# REAR SEAT DELETE, BATTERY RELOCATE PROGRESS w/ PICS!



## jedge1.8t (Jan 27, 2012)

After a long month of a audio install and getting this baby sound proof, i finally have the battery in the rear. heres some pics of my progress:

sketches of hopefully the finished project




























progress so far, rough lay out, need to figure out how to bolt this battery down for now so it doesn't move










Other cool things is my alpine x305s, it was a little tricky to fit and get the flap to go down, but i just about got it, its a great unit, updates the car and the color match is perfect. ill get a pic when i can.











For the rest of the car im know running kicker DS65s and DS13 tweeters. I got a alpine inline amplifier and alpine imprint sound proccessor that actually uses a microphone to adjust the EQ levels, and has further enhancement on a laptop software. Its older but great audio units for the money, came out under 500 all together. also added in a BT system, this is great system and selecting music from the ipod or your phonebook is very simple, unlike other headunits.











Bluetooth mic hidden in the motion sensor, no drilling into my dash or pillar at all, works awesome too.

SO why the rear battery relocation? Well theres a rear ballast weight on the back of the car, I removed that and that gave me a good significant handling response, so along with this battery relocation now, those off ramps on the highway are extremely easy to hug, the car feels alot less heavy and im able to turn sharper now.

A unique thing i did too was make it possible to run two batterys, though I most likely will never ever do this it gives me options for road trips, camping and other things, i plan to use that extra space for a engine mod somewhere in the future though

Hope you liked this, will be sure to post more progress andshow the end result asap


----------



## Chuckmeister87 (Nov 10, 2009)

I had a similar idea. I have two 10" speakers and an amp. I wanted to make a box to go in place of the back seat (which is why the seat is currently removed) but I was going to have the speakers on a slant facing the backs of the front seats.
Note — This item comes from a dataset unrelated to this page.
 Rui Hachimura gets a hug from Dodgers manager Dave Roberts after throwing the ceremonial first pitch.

This way I'd have more flat room for trunk space in the trunk.

I've been trying to find 10" rings that look like the AC vent rings or shiftgate ring sto go around the speakers on the outside of the box to make it look more stock, and I'd put a ring of red LED lights between the box and the vent-like rings that light up when the doors are opened and when the headlights come on.
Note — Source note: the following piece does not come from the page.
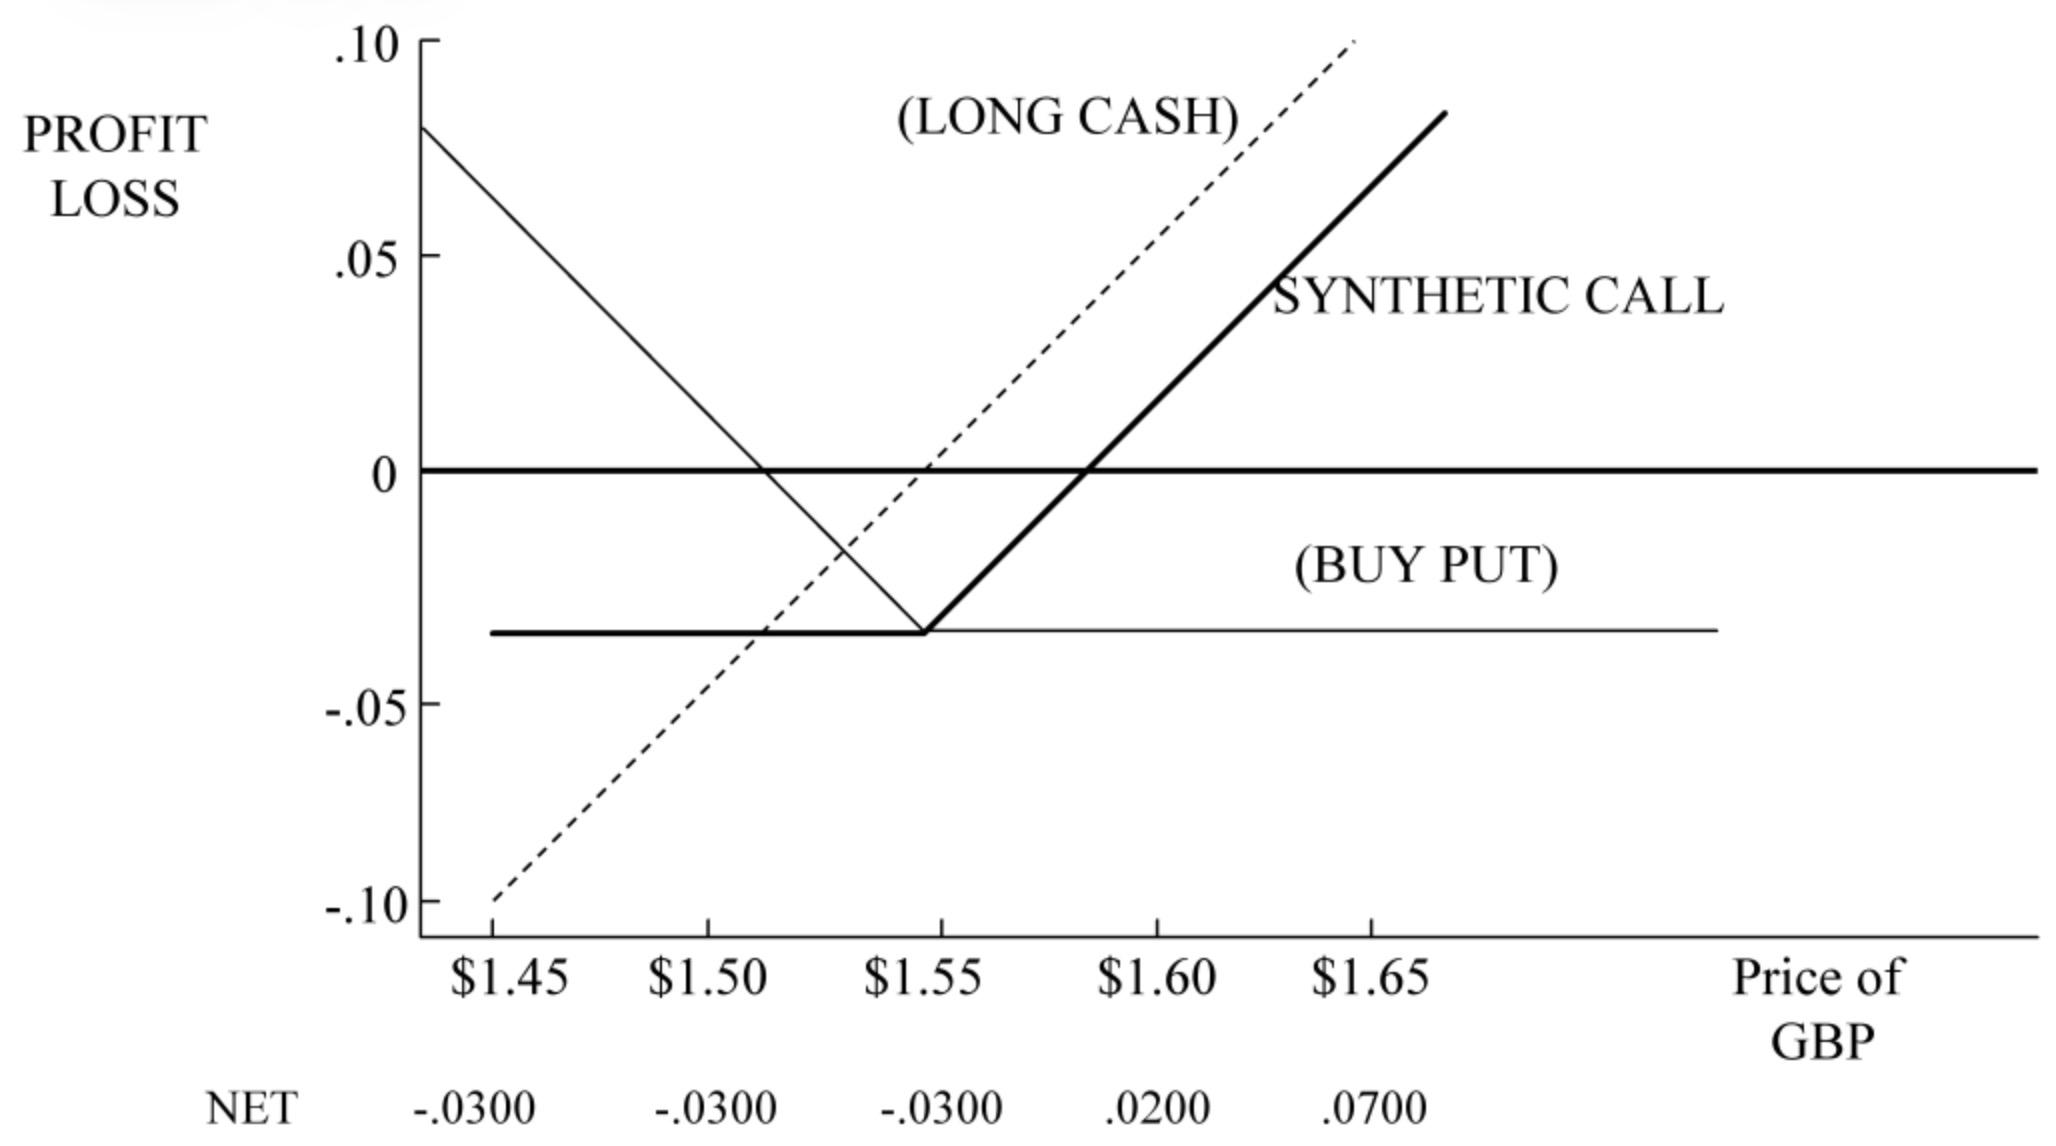 Buy ATM Call Net Position Image

I like your bottomless box plan. How are you going to keep it from moving around though? What will it be mounted or strapped to?

Your imitation stock design will look great, and I'm sure no one will be able to tell it was an addition to the car if you can get those metal plates just right.


----------



## Neb (Jan 25, 2005)

Why don't you drill holes through the floorpan and mount the sides of the box with bolts? Then they're nice and secure. You can use steel "L" brackets on the inside corners to make it really solid. Glue and nail the top after your subs and stuff are in place and that should do it no?


----------



## jedge1.8t (Jan 27, 2012)

Im consring building my own cargo board, and it will beintegrated to the box, for now im probably getting L brackets and screwing them into the metal pan that curves up to the cargo area, theres nothing behind this metal, its just a gap.

I will get started on the sub box very soon, and as for mounting the top piece removable cover, im probably going to go with velcro, but the sub box and amp/battery rack will be mounted to the metal that is nearly tilted vertically


----------



## Mantvis (Jan 1, 2010)

looks good! lets see it finished!

Heres mine


----------



## Morio (Feb 16, 1999)

hurry up!!!:beer:


mine:


----------



## jedge1.8t (Jan 27, 2012)

Starting sub box today!


----------



## TTC2k5 (May 23, 2008)

jedge1.8t said:


> Starting sub box today!


Meh...so 1990s. JK. Good luck with build.

cheers.


----------



## Mantvis (Jan 1, 2010)

TTC2k5 said:


> Meh...so 1990s. JK. Good luck with build.
> 
> cheers.


 lol 



[email protected] said:


> That disc changer in the back seat? So '90's!


----------



## jedge1.8t (Jan 27, 2012)

Box has been put on hold. Been trying to rectify a whining sound coming full my speakers when I hit the throttle. Only comes out of my right speakers, the rear right Also had been giving me bad static. 

This sucks


----------



## dogger (Jul 29, 2005)

Your subwoofer would sound much better either facing rearwards or at the rear of the trunk like Morio's set up. Propagation is very important in getting the best output out of a subwoofer set up. The longer the sound wave travels the better the output. If you can angle your sub back even slightly it would sound a lot better. Personally I build a lot of loaded enclosures in open space cars like this. It allows you to direct the sound wave rearward and it also can make for a cooler design by showing off the basket of your speaker in a acrylic windowed box. 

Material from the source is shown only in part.